Disruption is very difficult to foresee – I understand that, but the best people seem to be able to come up with is that agents will make people more productive. I do not believe that is disruption. That is a productivity aid that enables an engineer to do what they do already better or faster. Don’t get me wrong – this is valuable, but not disruptive. It enables companies to potentially replace several engineers with a single engineer and a bunch of agents. They now have the collective wisdom that has been captured within those agents. But true disruption happens when the task they perform changes.

When ChatGPT made its public appearance, almost three years ago, I said at a DAC panel that it signaled the end of the term “to Google” something. People thought I was crazy, and yet in just three years, who types something into a Google search bar and just expects to see a list of websites? Probably nobody. At the very least, the search engine has scraped the relevant websites and provided a summary. That often provides enough information to satisfy the reason why you did the search. In a recent opinion piece in the Communications of the ACM, Moshe Vardi went further and said it potentially signaled the entire collapse of the World Wide Web, including the notion of websites – because who will spend time and effort building them if nobody ever actually visits the site? All you are doing is providing information on which AI can be trained, and good luck trying to monetize that.

Another part of his thesis is that as AI starts to eat its own tail and thinks it is learning from itself, bias and errors become increasingly built into the system. In this context, it can cement bias like racism, sexism, etc.

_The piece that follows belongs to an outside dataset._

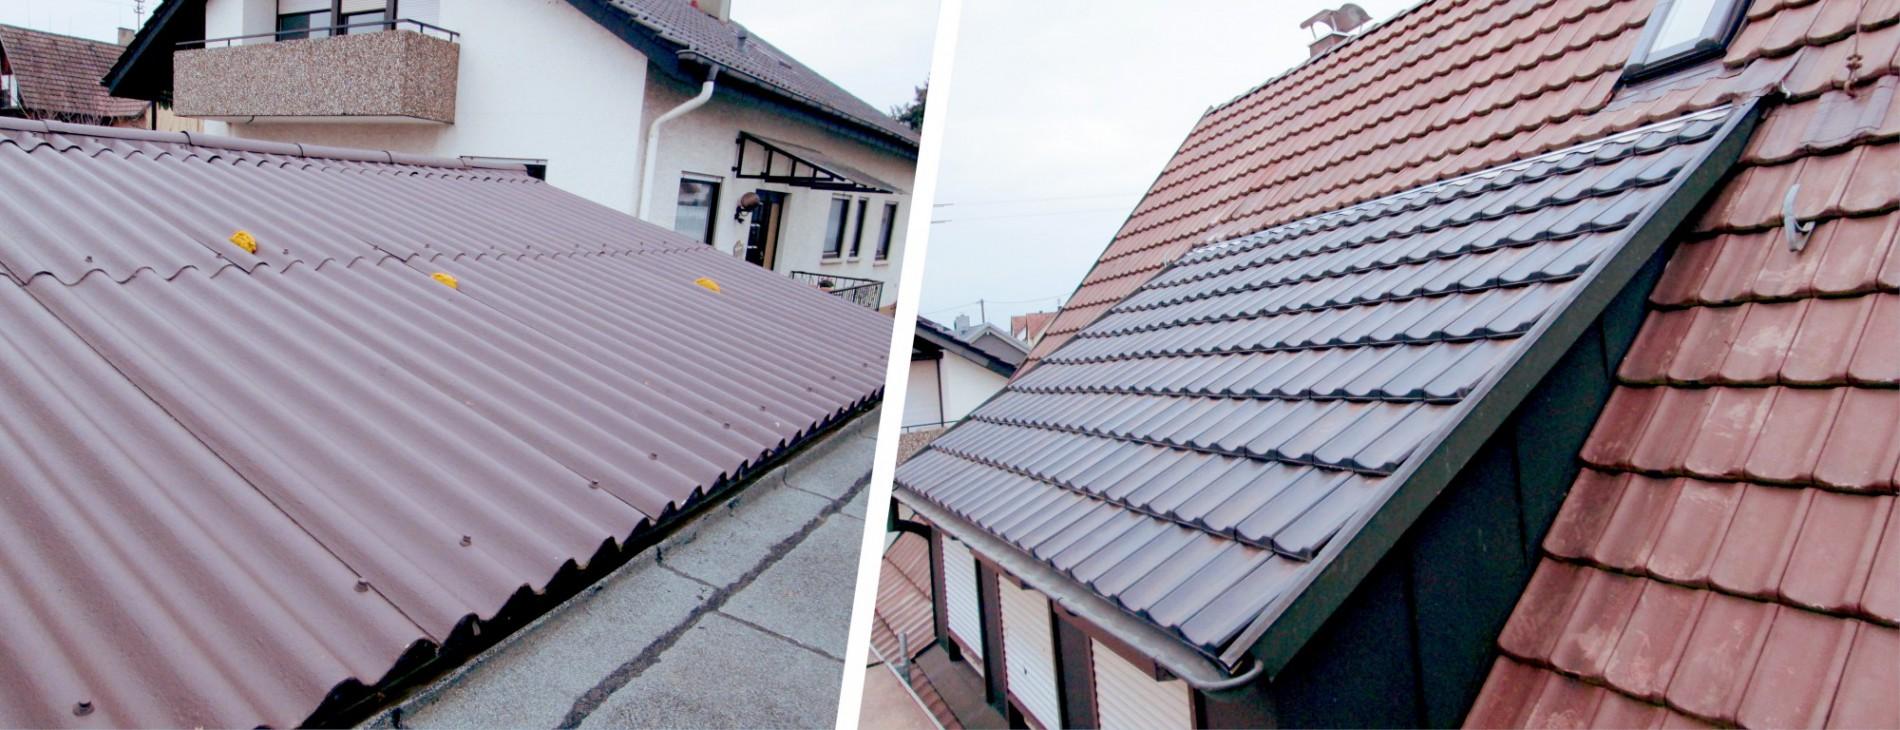 Dach-Ziegel05

Some of those issues relate to what may potentially happen in chip design and EDA. If we do not start to discuss them, a lot of costly mistakes could be made.

Chip design is complex. Hugely complex (my high school English teacher would have rapped my knuckles for that). The increase in complexity, driven by Moore’s law, has meant that compromises had to be made. Most of that was in the area of creativity. It was quicker, cheaper, safer to incrementally add onto what was already known rather than go back to a blank sheet of paper each time. The introduction of IP cemented this notion even further, and the need to preserve legacy software locked in hardware architectures. This is all bias in terms of design.

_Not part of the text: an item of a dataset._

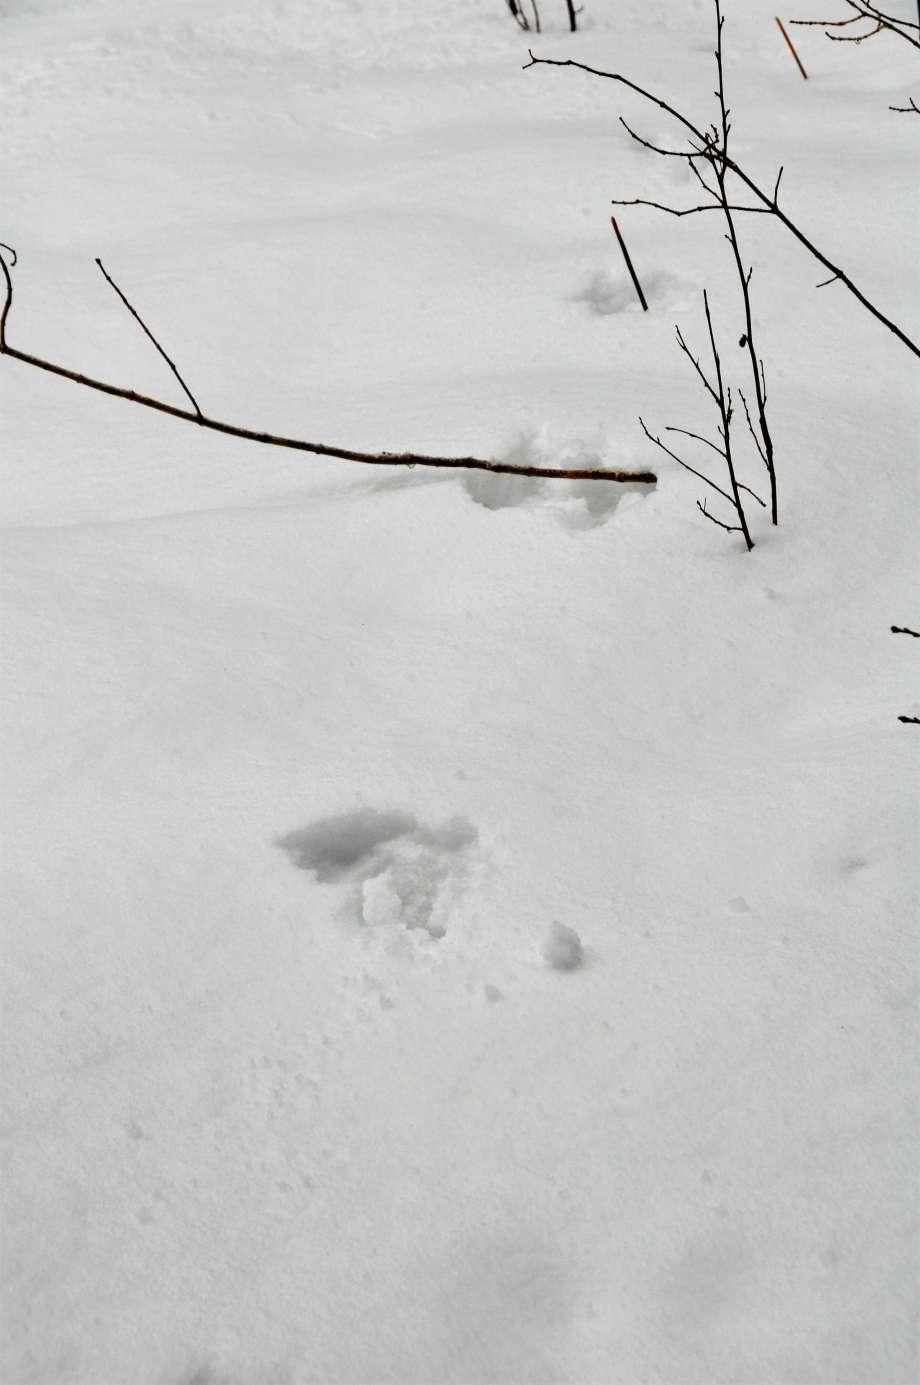 mårdspår i snön

The rise of parallel processing did not come about because it was deemed to be good, it came about because the limits of single processor architectures had been reached. It took a further decade or more before it started to see significant adoption, and the introduction of early machine learning technology became the compelling event for its serious development. Assuming that an AI-powered chip design tool existed and was trained on the collective wisdom of the entire industry at that time, would it have been able to make that leap on its own? I seriously doubt it.

While it would have known about parallel processing (which was a lot more common back in the 1980s than it was in the 2010s) and it would have known how to write code to target them, the bias of single processor designs would overwhelm. It would have learned about using multiple single processors, often acting as agents to contribute little bits to the function of the total (think audio processor, USB controller, graphics controller…) rather than a central heterogeneous processor that could handle everything more efficiently.

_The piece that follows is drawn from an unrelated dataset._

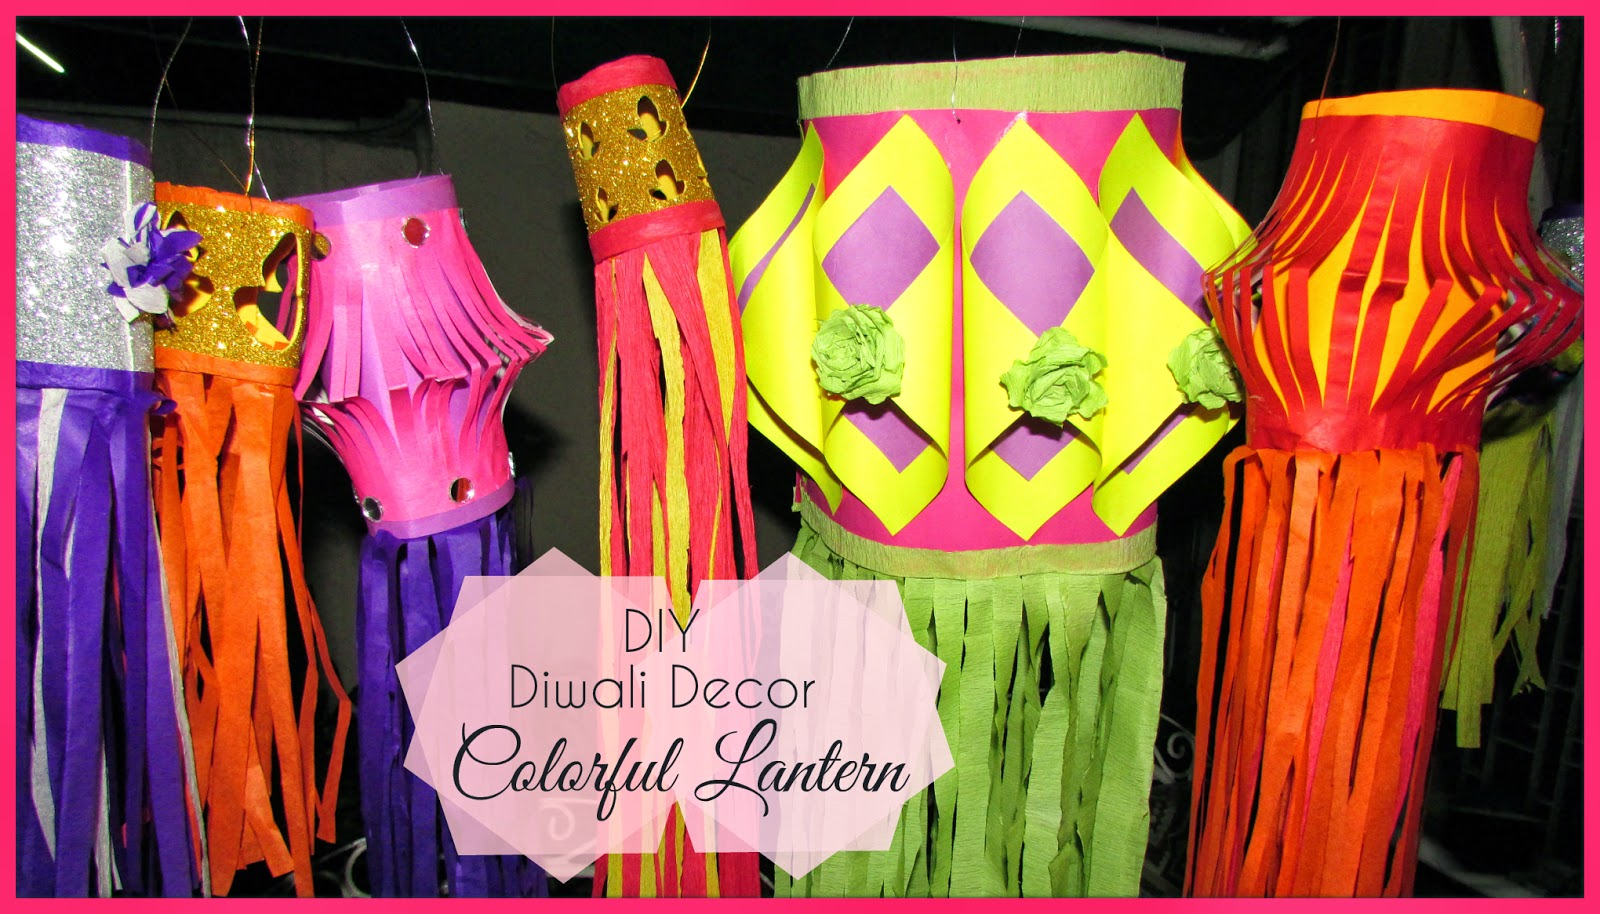 diwali, diwali decor, DIY diwali decor, kandeel, lantern, DIY lantern, DIY kandeel, colorful diwali decor, how to decorate hose for diwali, how to make lanterns, how to make lanterns at home

Did Nvidia set out to create an AI processor? No. They made incremental steps to satisfy the needs of their customers. It was when one application, computer vision, which had a sufficient dataset for training, plus the availability of suitable hardware, that deep learning was first shown to be superior to rule-based systems. That sparked many of the advancements we see today.

The notion of a semiconductor AI system being trained on all existing data is never going to happen. Each company focuses on a particular type of chip, a particular type of problem, such as mobile, automotive, data center, etc. Their bias is even more ingrained. Few hardware companies are also developers of software, even though they may need some hardware-dependent software. AI is not going to be told to invent something radically new, it will be asked to make incremental improvements to either that hardware or the software.

What could semiconductor disruption look like? I don’t think it will happen overnight and I don’t think it will all happen at once. I would expect EDA disruption to first appear in something like high-level synthesis (HLS), where a tool could be trained on a large collection of architectures. A suitable amount of data exists for this training, and it could be enhanced by individual companies. This would enable it to take in an English-like specification and generate code that would then be taken through a traditional EDA flow.

While that has been the goal of HLS since its inception, it has proven to be too difficult or only viable in constrained applications. SystemC has not really been accepted as an input language, and even then, tools require a highly constrained set of language constructs. But if AI can help make this a reality, the user base could expand 10X to 100X when custom design becomes accessible to a much larger community. That is enough to shift the needle for the entire EDA flow and was why there was such a large investment in this technology when it first emerged.

Virtual prototypes will also need to be able to operate on those specifications so that errors or omissions can be identified, and sequential equivalence checking will need to be significantly advanced so that confidence can be shown in the AI transformations. Over time, that new core flow will bring in more of the agentic helpers to look after things like power, cost, etc.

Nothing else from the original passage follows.